Right, that makes sense. Now my thinking is this: For a circuit with one voltage input and output (and, say, lots of op-amps in the middle, as is my circuit), the followers aren't necessary - except, perhaps, one at the beginning to act as a "buffer". So I think that many of the followers I see in these old circuits might just be redundant "hand-me downs" from modifications done to some older circuit.

If that's the case, then I'm going to consider all the "mystery" resistors as just contributing to the input resistance to whatever op-amp app (adder, integrator, etc) that comes next in the circuit.
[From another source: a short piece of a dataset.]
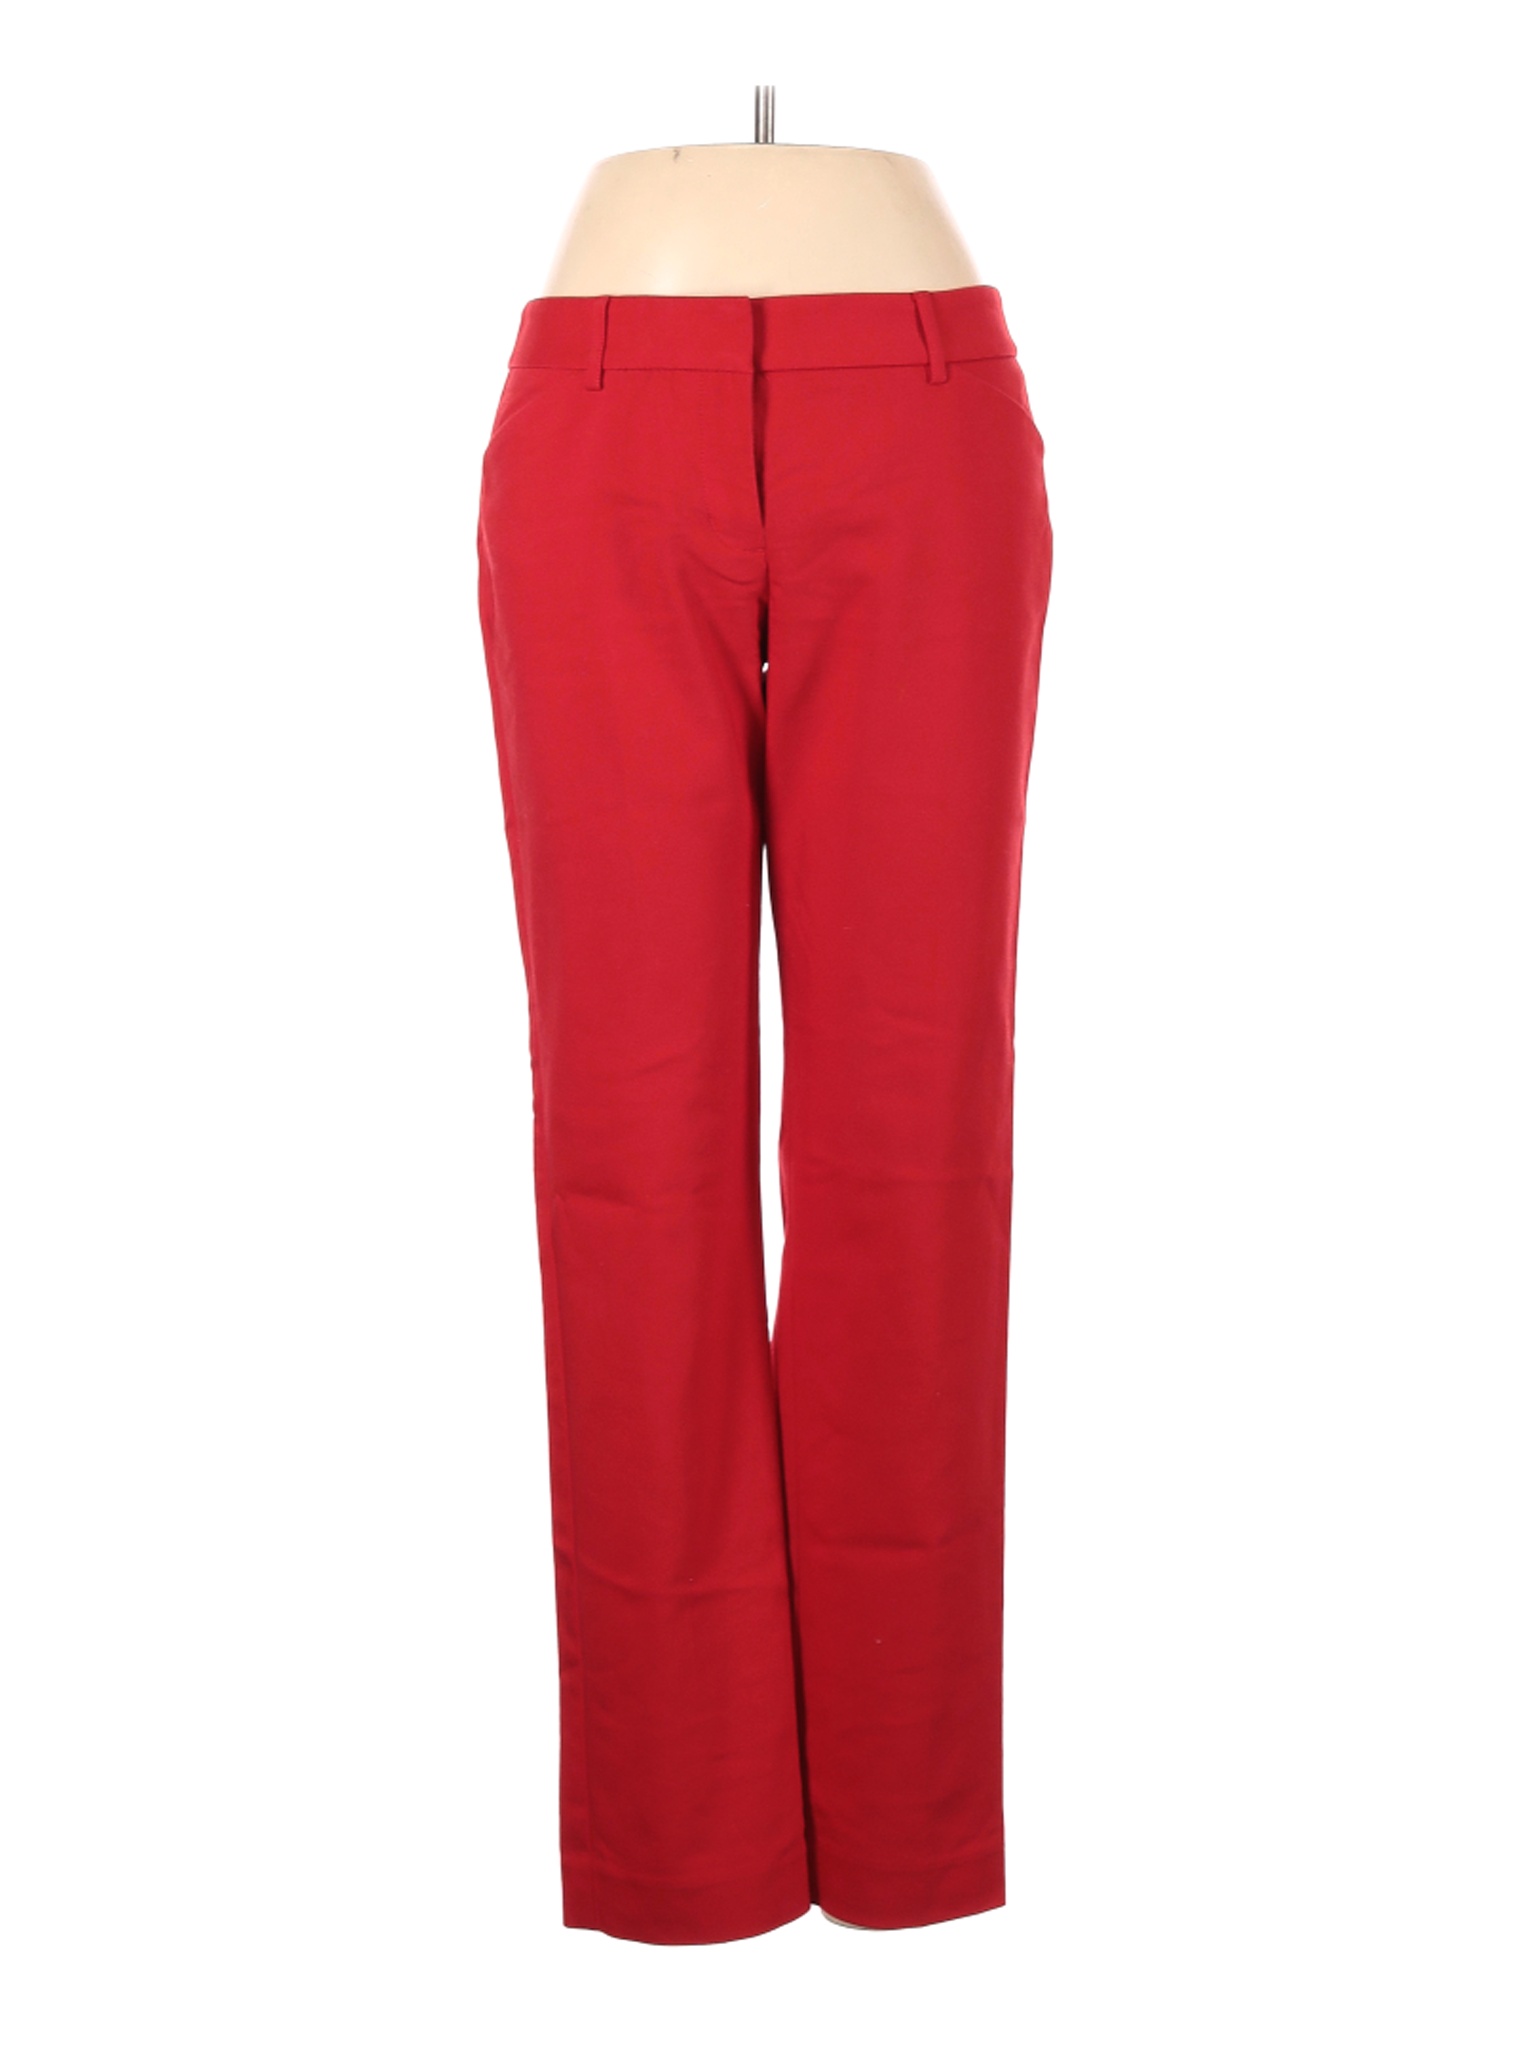 Express Women Red Dress Pants 6 | eBay

Of course, I'd feel more at ease if a bit more was said about the actual implementation of followers into circuits somewhere.
 
Hello Higgy-
To minimize offsets due to input bias currents in voltage followers, there should be an equal-value resistor in series with both inputs.
Bob S
 
The resistor in Higgy's circuit is probably for current limiting, not bias current balancing. If the output of the first opamp can go below ground or exceed vcc on the second then is could bias clamp diodes that protect the inputs. The series resistor limits the current into the clamp. See this datasheet for an example: http://focus.ti.com/docs/prod/folders/print/opa348.html

If the first stage of the opamp is a BJT then people also use resistors so that those transistors see similar impedances (or if there is an initial chopper stage). But if this was the case then the feedback path would not be a short but another 49.9K R. There are good reasons to do this to but it depends on the implementation of the amp.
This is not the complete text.